What Jeffrey Epstein's Life In Jail Was Like

In 2019, disgraced New York financier Jeffrey Epstein died by suicide in a New York jail cell while awaiting trial on charges of sex trafficking and conspiracy, based on Insider reporting. As many as 80 women and girls alleged they were molested and trafficked by Epstein a number of years earlier. A number of high-profile individuals, such as Prince Andrew of the English royal family, among others, were implicated in Epstein's circle, according to Reuters. Epstein was arrested once before in Florida in 2008 for solicitation of prostitution involving a minor, among other charges. Facing life in prison, Epstein served only 13 months in jail in that case as part of a plea deal, as Insider notes.

In 2019, Epstein's fall from the highest levels of New York society seemed complete. He died while in custody at the Metropolitan Correctional Center (M.C.C.), and because he denied he was suicidal in the days leading up to his death, among other irregularities, some remain skeptical that Epstein died by his own hand. Some also speculate he may have had help in the act, as The New York Times reports. Conditions at the M.C.C. — reportedly closed down in 2021 over poor conditions, based on The Times reporting — were a far cry from the lifestyle Epstein was used, filled with private jets and other luxuries. Though the state of the M.C.C. should garner no sympathy for Epstein or cast doubt on the crimes he is alleged to have committed, here's what Epstein's final few days in jail were like.

If you or anyone you know is having suicidal thoughts, please call the National Suicide Prevention Lifeline​ by dialing 988 or by calling 1-800-273-TALK (8255)​.

Epstein entered the M.C.C. part of the general jail population

As The New York Times reported, Jeffrey Epstein was arrested in July 2019 at Teterboro Airport in New Jersey.

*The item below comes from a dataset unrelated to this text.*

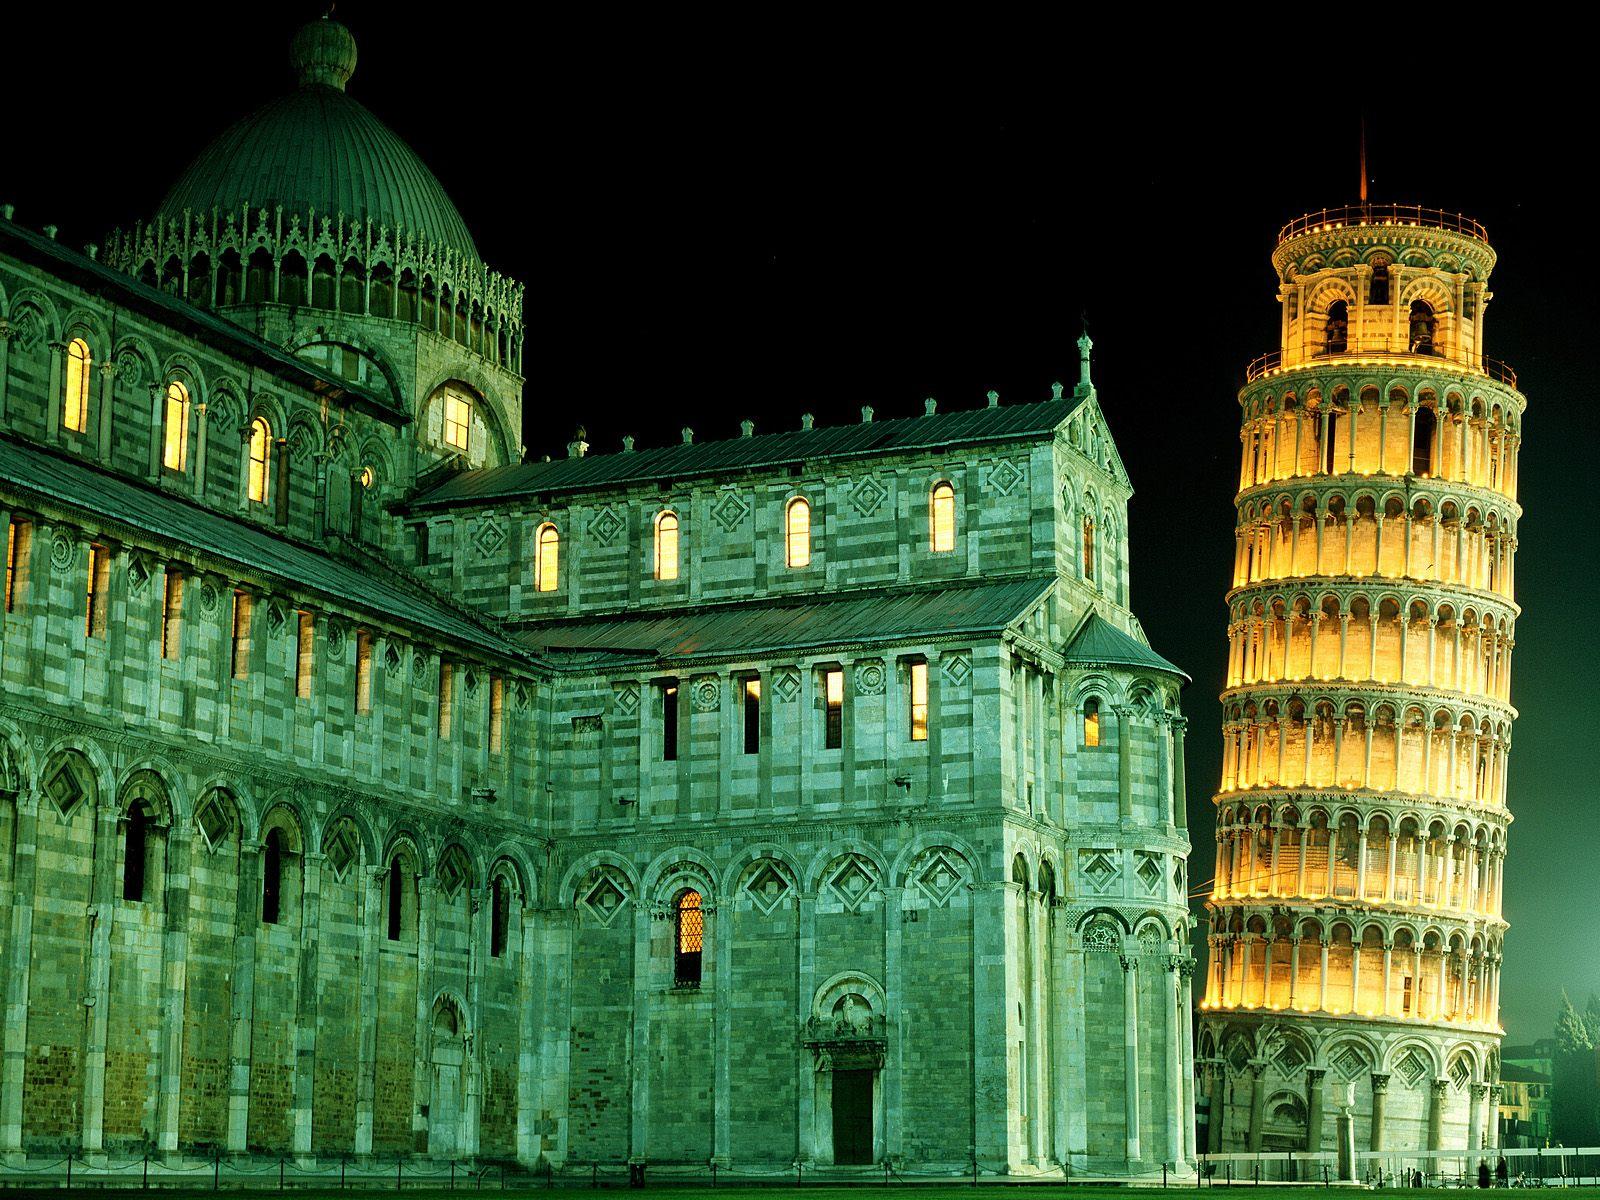 Duomo Leaning Tower Pisa Italy wallpaper

At that point, a justice department indictment had implicated him in dozens of sex acts with minors, among other charges, as The Times notes. If convicted of those crimes, Epstein could spend 45 years in prison. Despite the high-profile nature of his case, Epstein first entered the M.C.C. (pictured) as part of the jail's general population, and as a result, restrictions on his life were relatively light. The fact that Epstein was not placed in a more restrictive circumstance was later attributed to an oversight — just one of many that would turn up in the days leading to and after Epstein's death.

Once Epstein's status at the M.C.C was discovered, he was moved from the general jail population to the Special Housing Unit (S.H.U.). From the time that he first arrived, Epstein was described as looking sad, dazed, confused, and withdrawn, based on Federal Bureau of Prison records obtained by The New York Times. Concern for Epstein's mental well-being worsened after his move to the S.H.U. Expected he would be denied bail, Epstein underwent and passed several psychological evaluations and was put under "psychological observation," described by The Times as one step away from suicide watch. While under psychological observation, specially designated inmates filed reports every 15 minutes on Epstein's status.

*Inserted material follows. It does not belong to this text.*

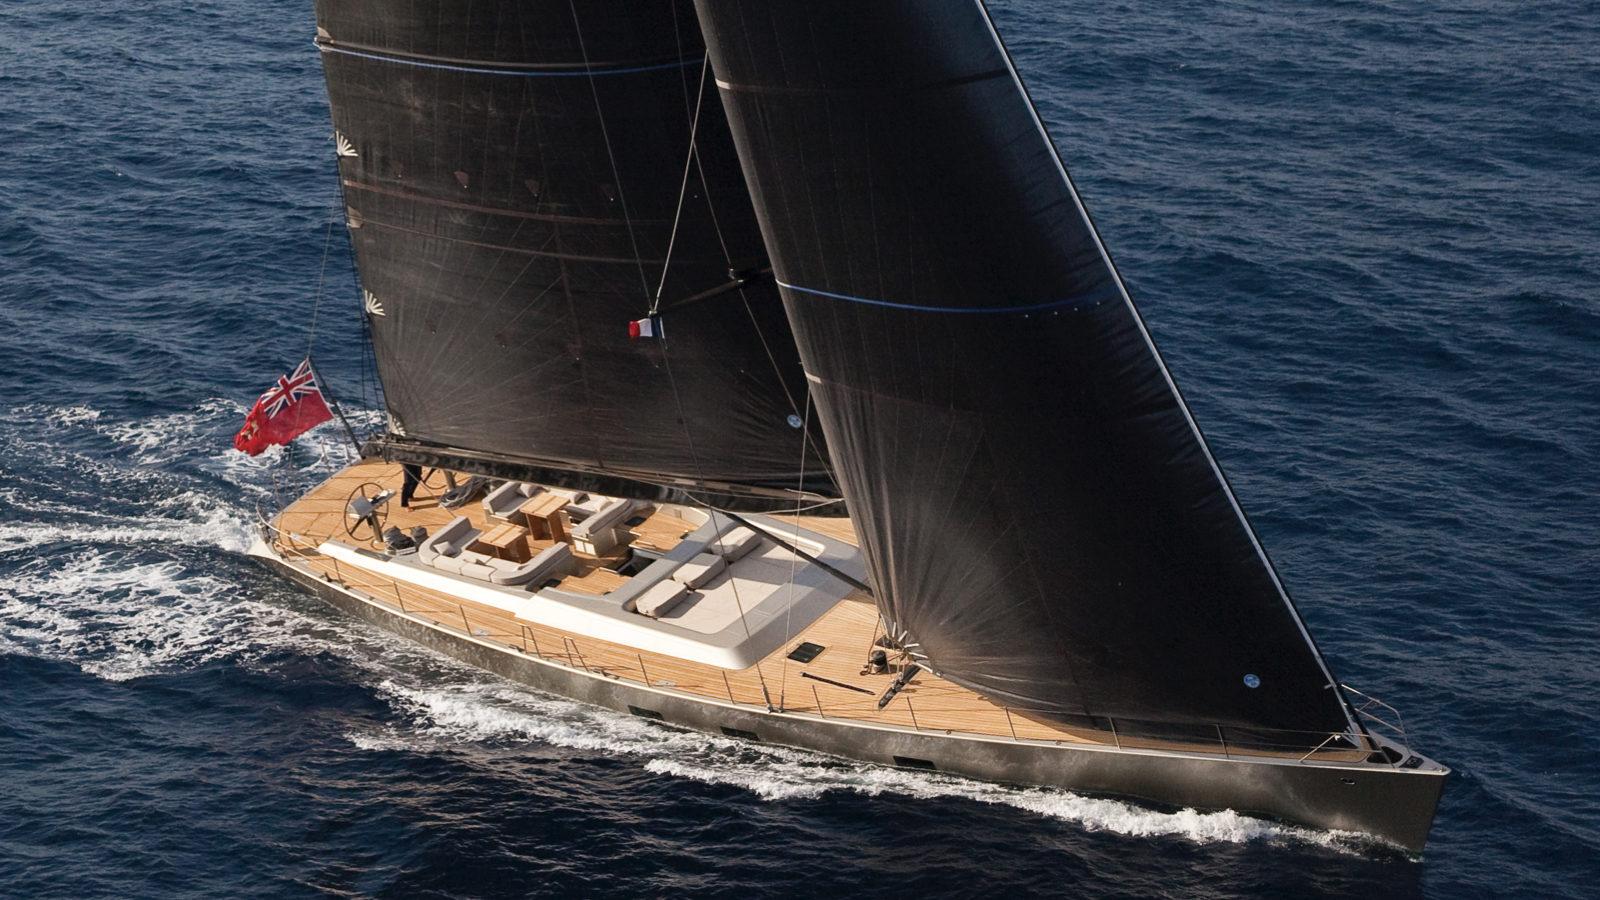 DARK SHADOW Yacht for Sale - IYC

Epstein's first suicide attempt was unsuccessful

Though Jeffrey Epstein continued to tell jailhouse staff that he would never attempt suicide, some who filed reports on his activities while under "psychological observation" provided a different picture, such as when he sat for a prolonged period with his head in his hands, according to The New York Times. Still, Epstein reportedly remained talkative and continued to state that he had much to live for. The Federal Bureau of Prison records indicate he did not sleep well, though, and he lodged complaints over the noisy conditions in the jail and the quality of the food.

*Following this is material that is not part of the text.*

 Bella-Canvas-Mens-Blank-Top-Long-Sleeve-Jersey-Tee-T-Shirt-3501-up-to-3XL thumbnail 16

Epstein also continued to receive visits from his defense attorneys and continued to deny any wrongdoing related to the sex abuse charges. Despite those protestations, Epstein reportedly did unsuccessfully attempt suicide while in jail, per CNBC. After the denial of a second bail attempt, it reportedly seemed clear to Epstein and his defense team that his case would likely go to trial and that further bail requests would be denied. An inmate was placed in Epstein's cell but that inmate disrupted Epstein's sleep, and he was once more left alone. After a social phone call he claimed to be to his mother, who had died, which was later revealed to be to his girlfriend, Karyna Shuliak, Epstein returned to his jail cell. He was found the next morning with a bedsheet around his neck and declared dead a short time later.